Benalla: la mécanique d'une affaire d'Etat

Si l'enquête se poursuit, les débats parlementaires sont paralysés par l'affaire. Les politiciens d'opposition réclament la suspension du débat constitutionnel, les députés de la France insoumis proposent à tous les parlementaires de déposer ensemble une motion de censure du gouvernement alors que d'autres accusent Gérard Collomb de "mensonges", demandant que le ministre de l'intérieur, ou même le Premier ministre, venez expliquer aux élus. Après son homologue de l'Assemblée, le Comité sénatorial des lois décide à son tour de se donner les prérogatives d'une commission d'enquête, pour une période de six mois.
21-22 juillet: la paralysie Samedi matin, alors que les cinq gardes à vue sont prolongés, la résidence d'Issy-les-Moulineaux (Hauts-de-Seine) de M. Benalla est fouillée. L'enquête est ensuite confiée à un juge d'instruction et les suspects sont tous mis en examen et placés sous contrôle judiciaire. Cinq chefs d'accusation ont été portés contre M. Benalla, dont ceux de violences n'ayant pas entraîné d'incapacité de travail temporaire et d'ingérence dans l'exercice d'une fonction publique en accomplissant des actes qui lui étaient réservés. autorité publique.
Pour leur part, les deux présumées victimes présentes sur la vidéo, identifiées, ont indiqué qu'elles avaient accepté d'être entendues, mais plus tard.
Sur les bancs de l'Assemblée, où la révision de la réforme constitutionnelle continue d'être perturbée, les députés de l'opposition demandent des explications après avoir découvert qu'Alexander Benalla bénéficiait d'un badge d'accès à l'hémicycle depuis le 24 juillet 2017. Face à l'impossibilité de poursuivre sereinement les débats, le président de l'Assemblée, François de Rugy, annule la séance de nuit.

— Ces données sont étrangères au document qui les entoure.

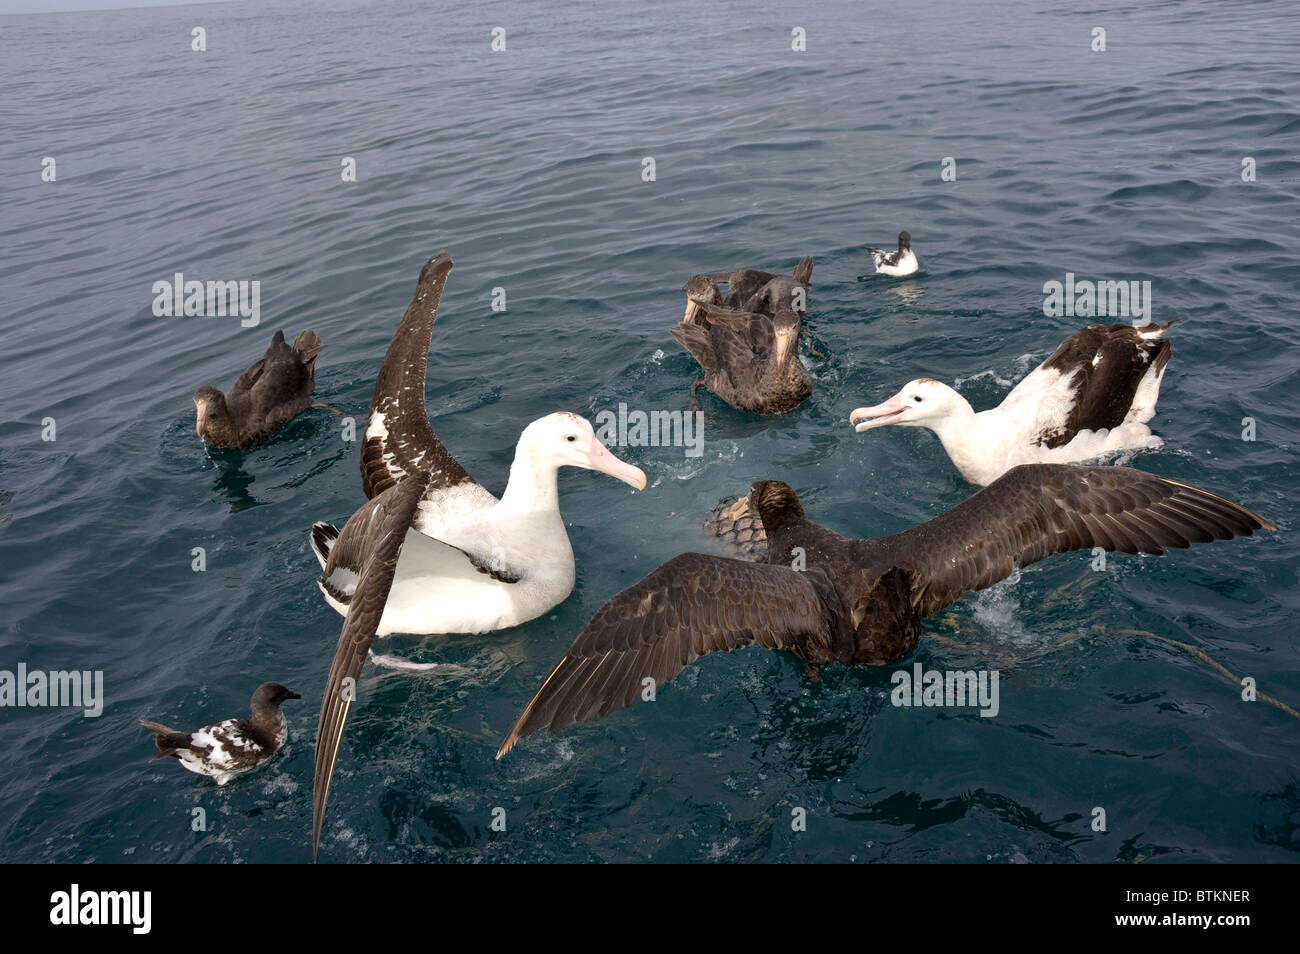 Nueva Zelandia, S Island, Kaikoura, pelagic birding trip, petreles gigantes del sur & albatros errante Foto de stock
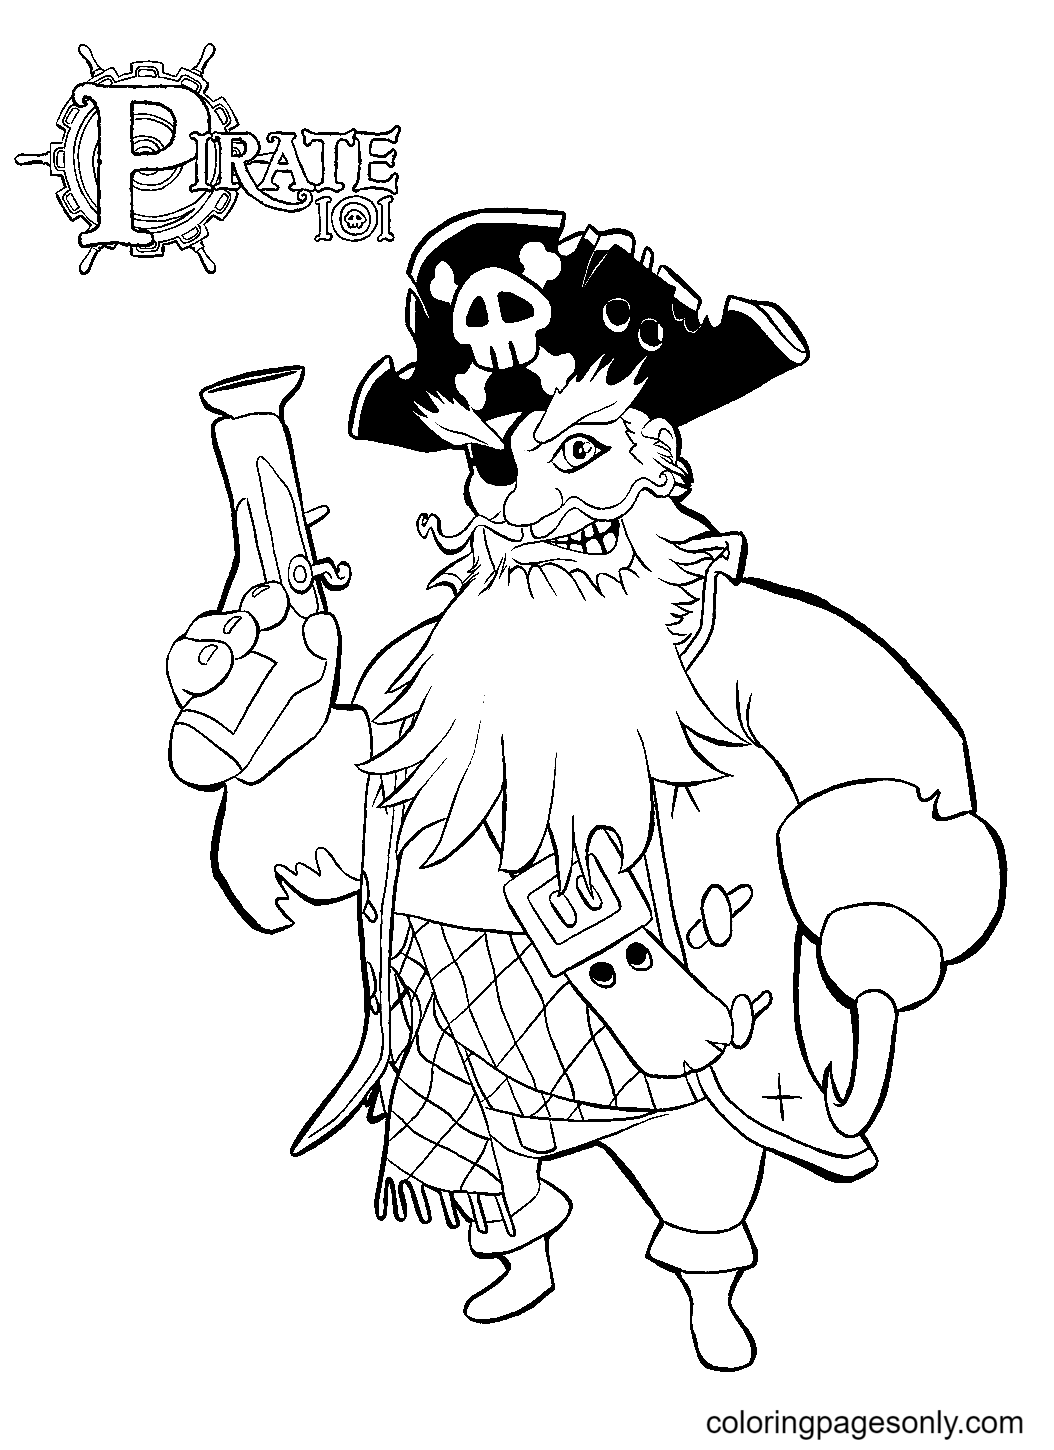 Страшный пират из пирата

Lire la chronique de Françoise Fressoz:


Benalla: Gerard Collomb, l'homme faible de l'affaire

Cinq jours après les premières révélations, l'affaire Benalla avait raison, au moins temporairement, du projet de révision constitutionnelle voulu par Emmanuel Macron: à la reprise de la session, dimanche matin, le gouvernement suspend officiellement le travail jusqu'à nouvel ordre, après un blocage sans précédent de l'Assemblée nationale.
Dans la soirée, l'entourage du Président communique un message laconique, assurant que "il y a eu et il n'y aura pas d'impunité" pour des faits jugés "inacceptables". Après une réunion à l'Elysée réunissant plusieurs membres du gouvernement, un participant rapporte que le chef de l'Etat «condamne à la fois le comportement des fauteurs de troubles et les dysfonctionnements qui ont permis à Alexandre Benalla de faire cela».

Leave a comment

Send a Comment

Your email address will not be published. Required fields are marked *

This site uses Akismet to reduce spam. Learn how your comment data is processed.